United States District Court, S.D. Florida

March 22, 2018

ANTHONY G. FERRETTI, Plaintiff,
v.
NCL (BAHAMAS) LTD., Defendant.

          ORDER

          DARRIN P. GAYLES UNITED STATES DISTRICT JUDGE

         THIS CAUSE comes before the Court on Defendant NCL (Bahamas), Ltd.'s (“NCL” or “Defendant”) Motion to Dismiss Plaintiff's Amended Complaint (the “Motion”) [ECF No. 43]. The Court has carefully reviewed the Motion, the record, and the applicable law. For the reasons discussed below, the Motion is granted in part and denied in part.

         I. BACKGROUND[1]

         This is a maritime personal injury action. On June 14, 2017, Plaintiff Anthony G. Ferretti (“Ferretti” or “Plaintiff”) filed his Amended Complaint against NCL setting forth the following causes of action: Count I - Negligence, Count II - Negligent Selection and Hiring, Count III - Vicarious Liability (Agency), and Count IV - Vicarious Liability (Apparent Agency). Plaintiff alleges that NCL is liable for injuries he sustained on the “Maui Beach Day” shore excursion during the course of a cruise on the NCL vessel, Pride of America. Plaintiff alleges that NCL marketed and sold the excursion to its passengers and that NCL, through its actual or apparent agents or employees, controlled or had the right to the control the excursion.

         Plaintiff alleges the excursion operator, non-party Beach Club Maui, Inc. (“Beach Club Maui”), was NCL's actual agent because NCL and Beach Club Maui consented to Beach Club Maui acting as NCL's agent to operate the excursion, conduct inspections, and ensure compliance with NCL's standards including those found in the “Norwegian Cruise Line Tour Operator Procedure and Policies.” Plaintiff alleges NCL had the right to control Beach Club Maui with respect to the operation of the beach excursion in question and the execution of Beach Club Maui's duties pursuant to NCL's procedures, policies, and standards.

         In the alternative, Plaintiff contends that Beach Club Maui was NCL's apparent agent because their words and conduct caused Plaintiff to believe that Beach Club Maui had authority to act for NCL with respect to the operation of the shore excursion. Plaintiff alleges NCL promoted, vouched for, and/or recommended the excursion to passengers through the NCL website (www.ncl.com) and use of its logo. Plaintiff states that he went on the shore excursion under a justifiable belief that it was an NCL excursion and operated by an agent of NCL.

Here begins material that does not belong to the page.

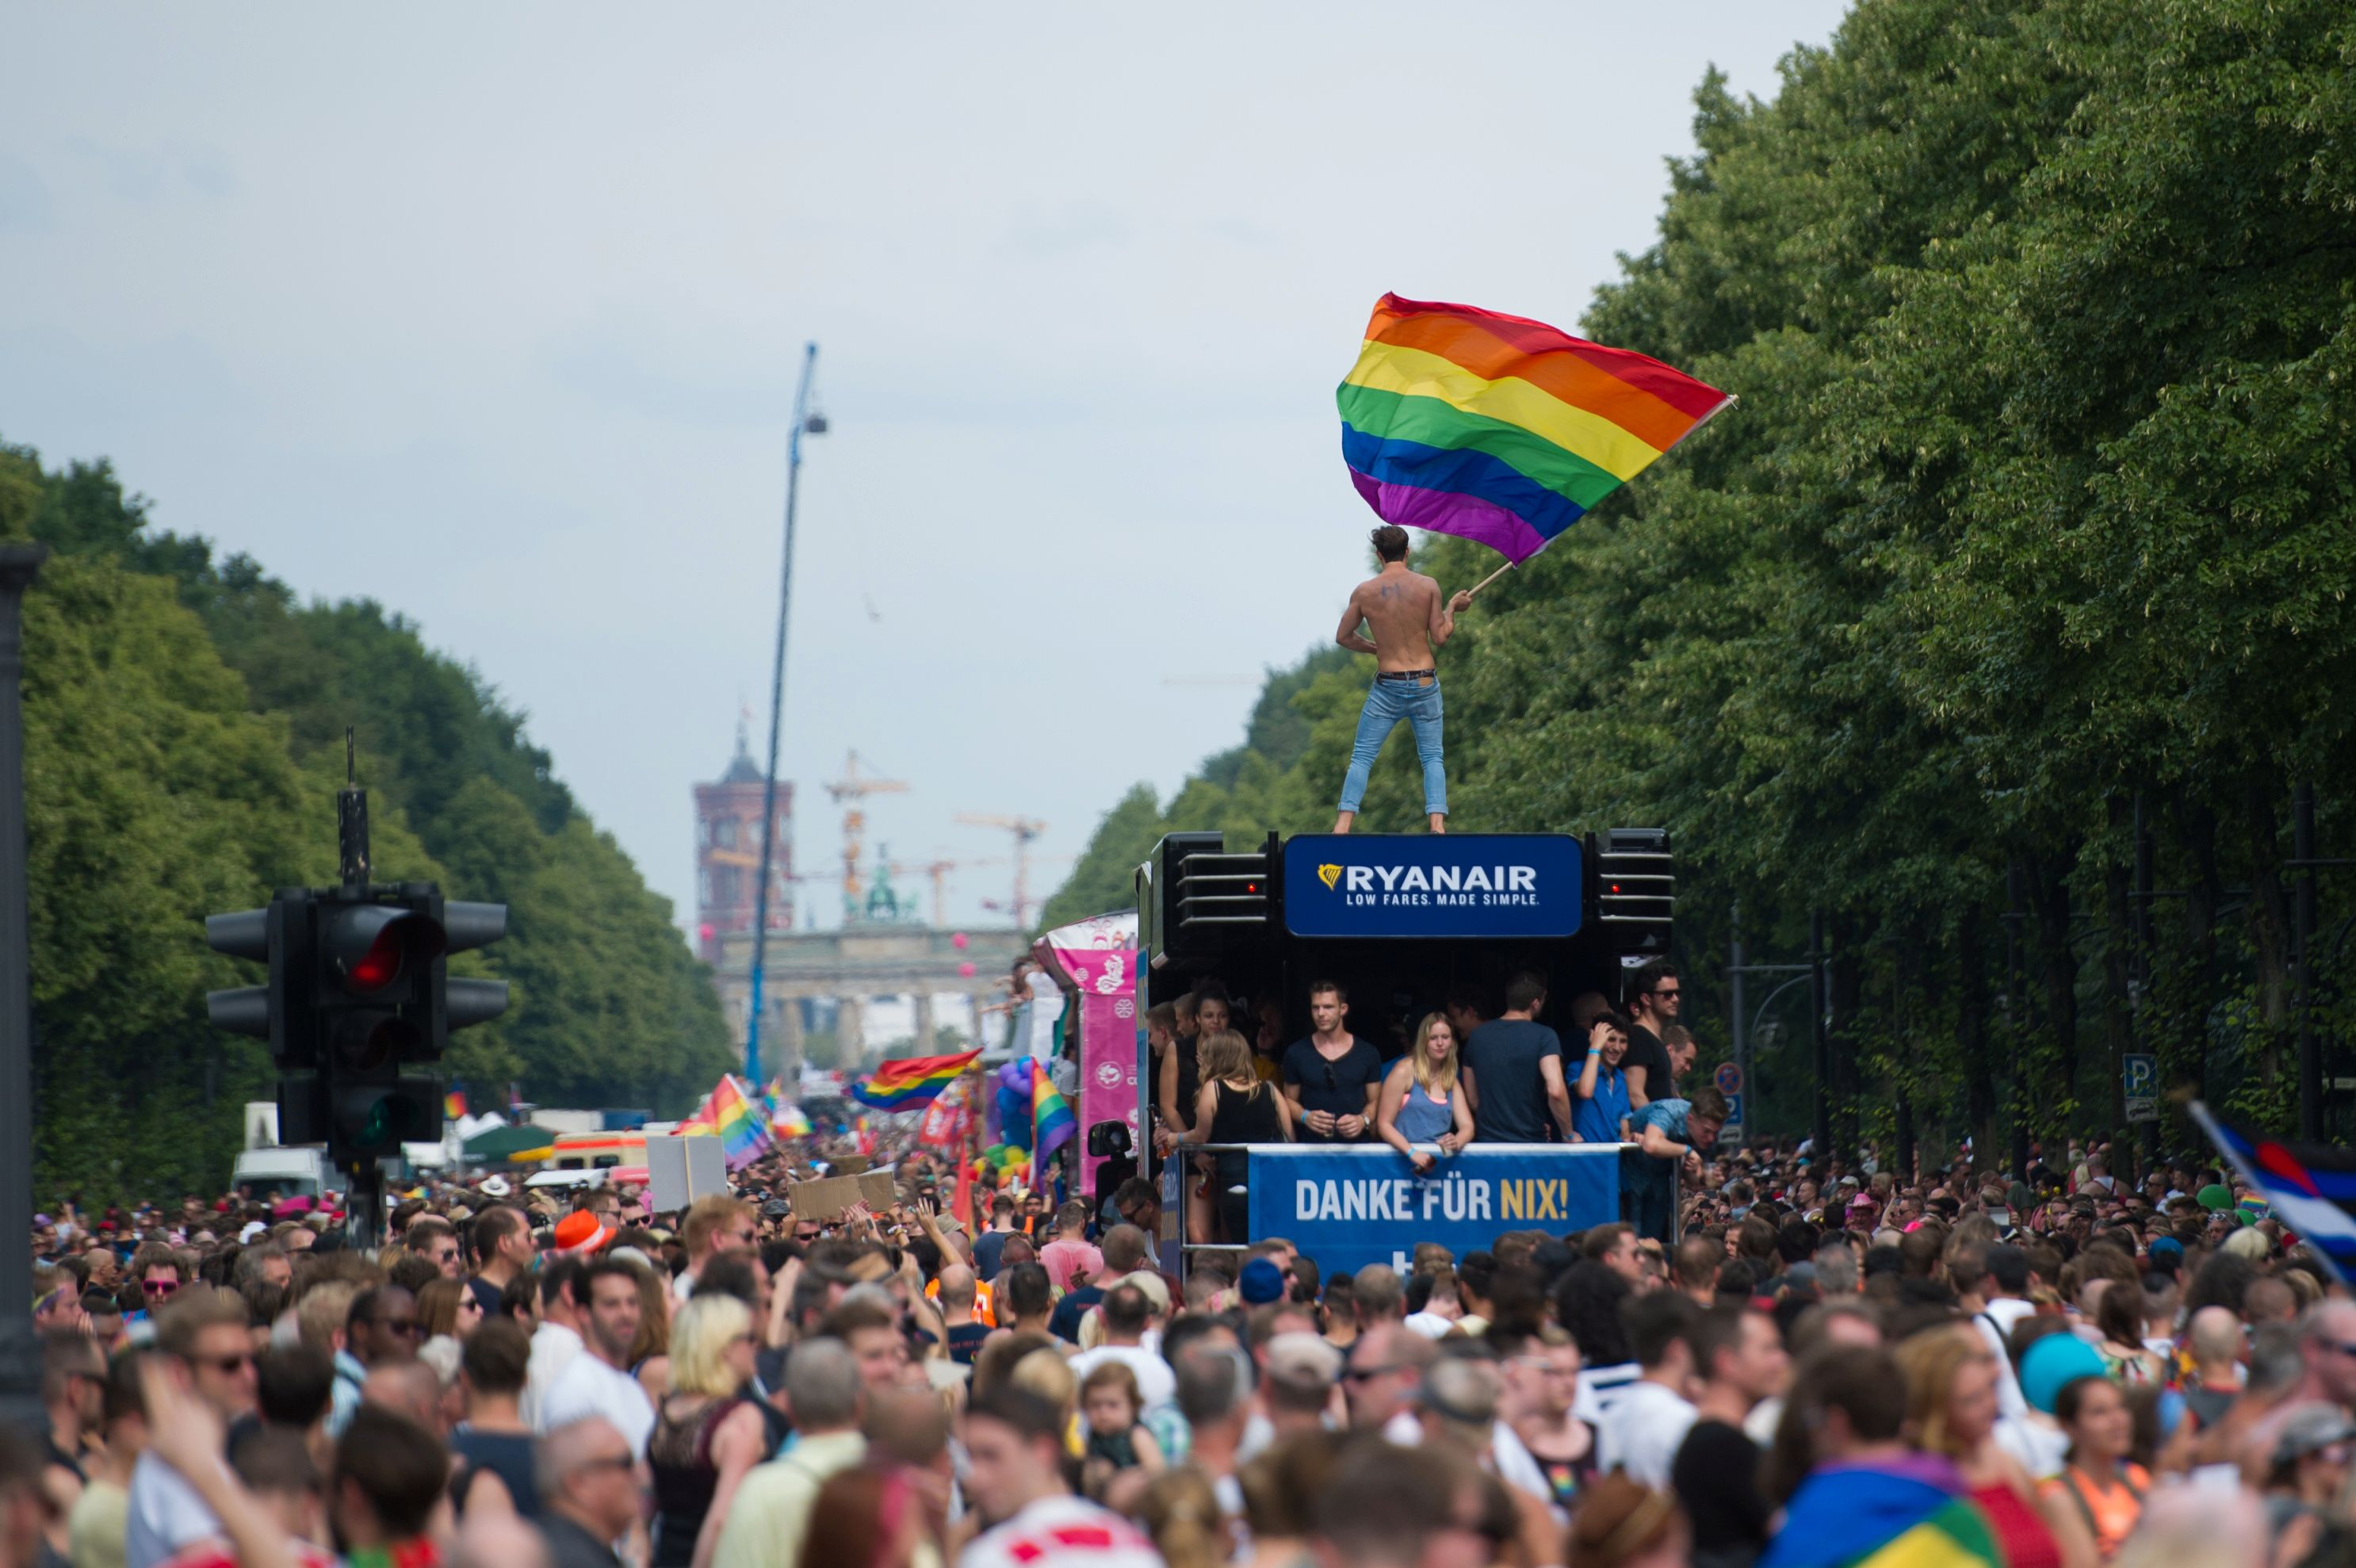 politimann homofil sex stram fitte nærbilde pic

         Plaintiff alleges he purchased and booked the excursion from NCL. Plaintiff alleges he relied on NCL's website to book the excursion. The website described the excursion as an “Activity Level 1, ” stating that it would “involve walking over relatively level terrain, possibly some cobblestone, gravel, or a few steps” and that “[c]omfortable shoes are recommended.” Plaintiff alleges that the only warning provided to him by Beach Club Maui during the excursion was to not turn his back to the surf, for which he complied. He alleges that while walking parallel to the shoreline, holding hands with his wife, a large wave broke approximately 10 feet away from him with sufficient force to pull him under the water. Plaintiff landed on his head resulting in spinal cord injuries and paralysis. Plaintiff alleges NCL had actual or constructive notice of an unreasonably dangerous condition because “in the 24-hour period prior to [Plaintiff's] injuries, the local hospital treated at least ten other spinal cord injuries from the beach in question among others.”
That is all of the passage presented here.